Understanding the tilde in Scala's parser combinators

Jano picture Jano · Jul 25, 2011 · Viewed 10.6k times · Source

I'm fairly new to Scala and while reading about parser combinators(The Magic Behind Parser Combinators, Domain-Specific Languages in Scala) I came across method definitions like this:

def classPrefix = "class" ~ ID ~ "(" ~ formals ~ ")"

I've been reading throught the API doc of scala.util.parsing.Parsers which defines a method named (tilde) but I still dont't really understand its usage in the example above. In that example (tilde) is a method which is called on java.lang.String which doesn't have that method and causes the compiler to fail. I know that (tilde) is defined as

case class ~ [+a, +b] (_1: a, _2: b)

but how does this help in the example above?
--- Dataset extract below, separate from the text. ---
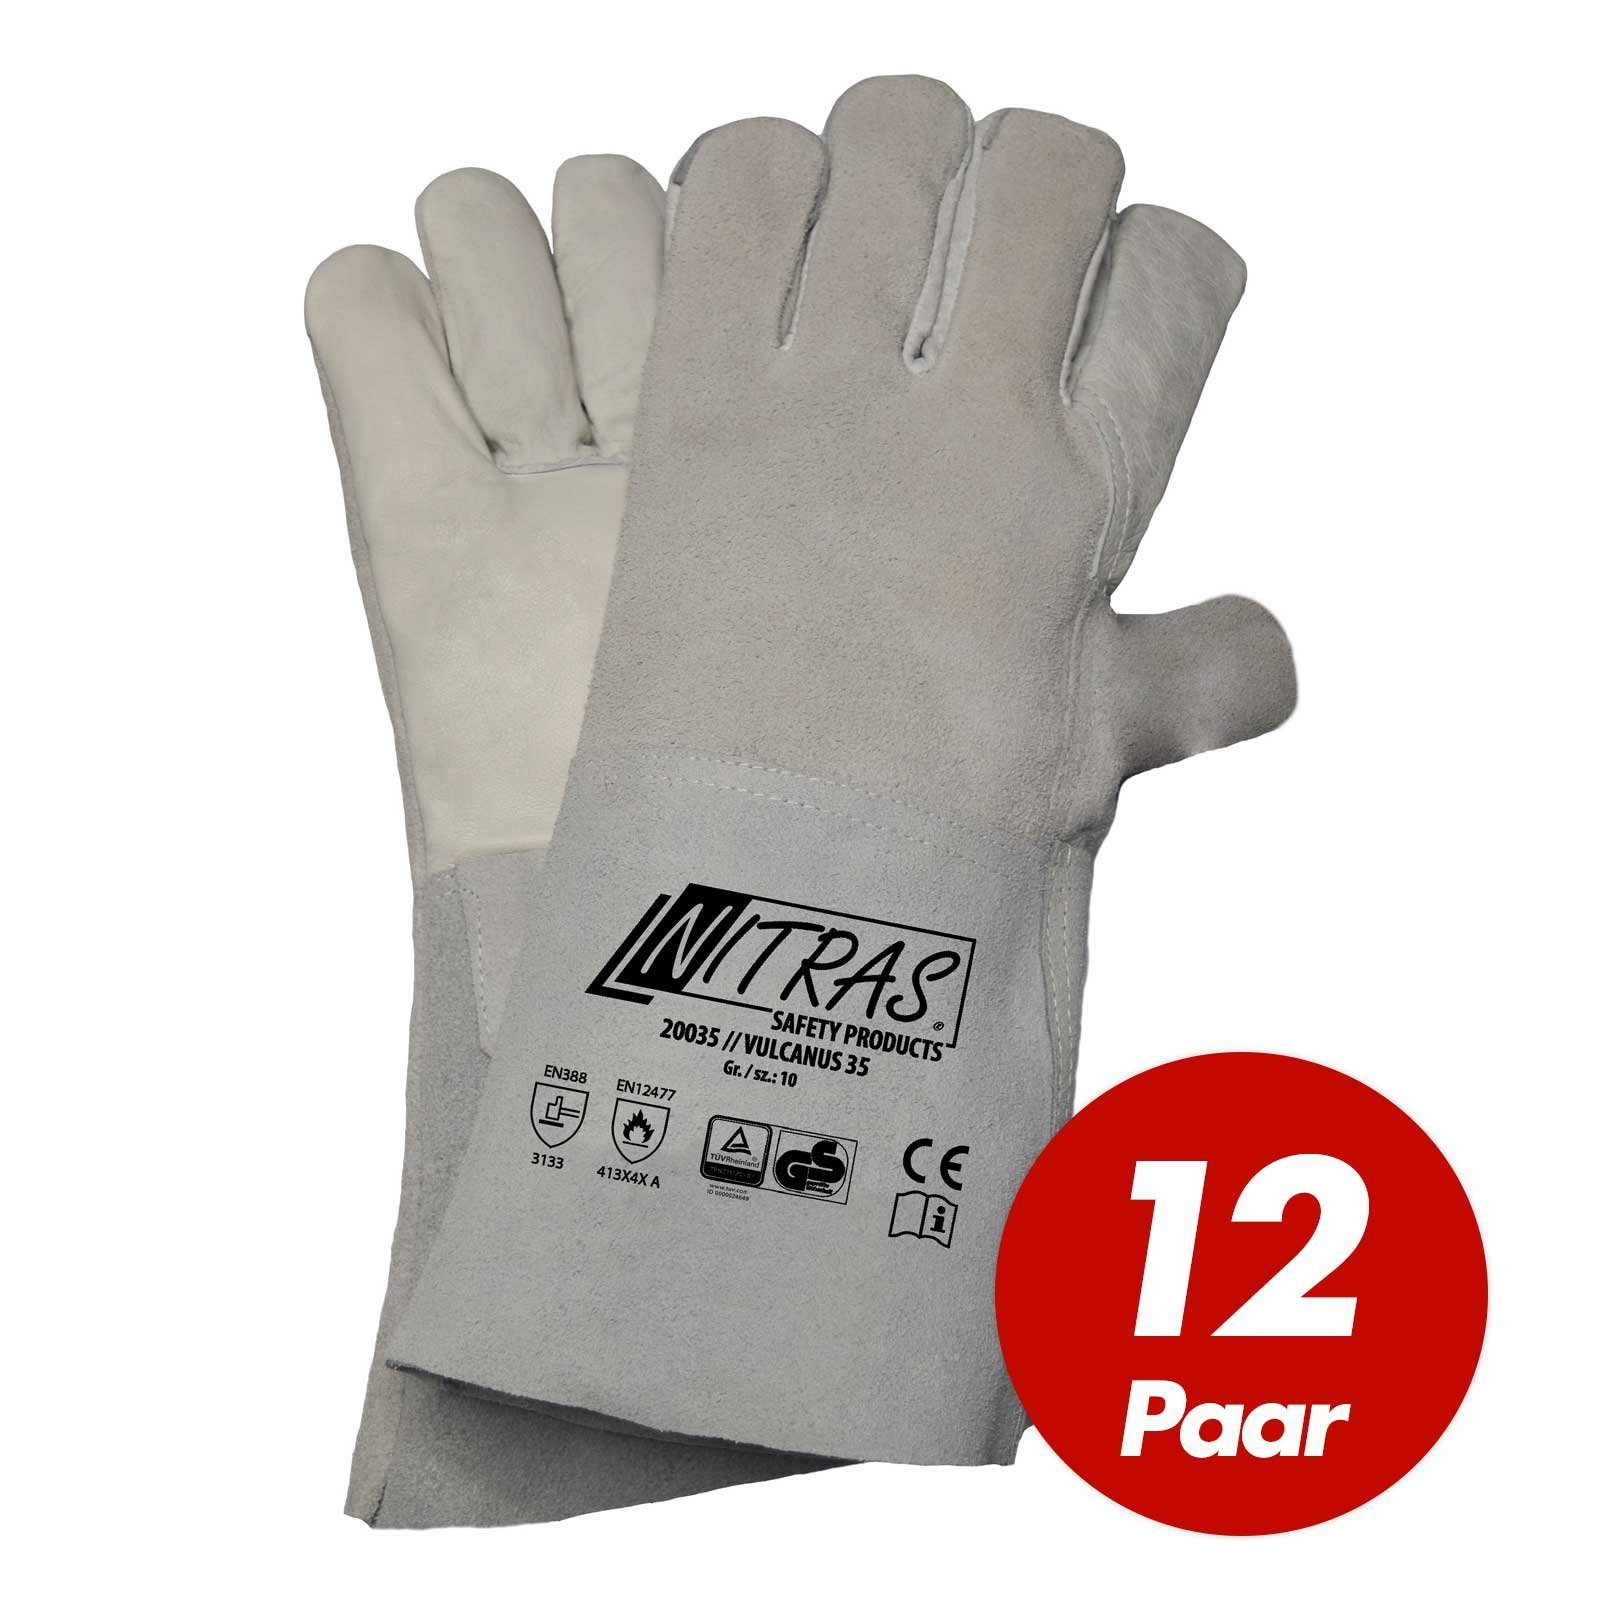 Paar Handschuhe,12 NITRAS (Set) Nitras Vulcanus 20035 Hitzeschutzhandschuhe Schweisserhandschuhe 5-Finger

I'd be happy if someone could give me a hint to understand what's going on here. Thank you very much in advance!

Jan

Answer

Rex Kerr picture Rex Kerr · Jul 25, 2011

The structure here is a little bit tricky. First, notice that you always define these things inside a subclass of some parser, e.g. class MyParser extends RegexParsers. Now, you may note two implicit definitions inside RegexParsers:

implicit def literal (s: String): Parser[String]
implicit def regex (r: Regex): Parser[String]

What these will do is take any string or regex and convert them into a parser that matches that string or that regex as a token. They're implicit, so they'll be applied any time they're needed (e.g. if you call a method on Parser[String] that String (or Regex) does not have).

But what is this Parser thing? It's an inner class defined inside Parsers, the supertrait for RegexParser:

class Parser [+T] extends (Input) ⇒ ParseResult[T]

Looks like it's a function that takes input and maps it to a result. Well, that makes sense! And you can see the documentation for it here.

Now we can just look up the ~ method:

def ~ [U] (q: ⇒ Parser[U]): Parser[~[T, U]]
  A parser combinator for sequential composition
  p ~ q' succeeds if p' succeeds and q' succeeds on the input left over by p'.

So, if we see something like

def seaFacts = "fish" ~ "swim"

what happens is, first, "fish" does not have the ~ method, so it's implicitly converted to Parser[String] which does. The ~ method then wants an argument of type Parser[U], and so we implicitly convert "swim" into Parser[String] (i.e. U == String). Now we have something that will match an input "fish", and whatever is left in the input should match "swim", and if both are the case, then seaFacts will succeed in its match.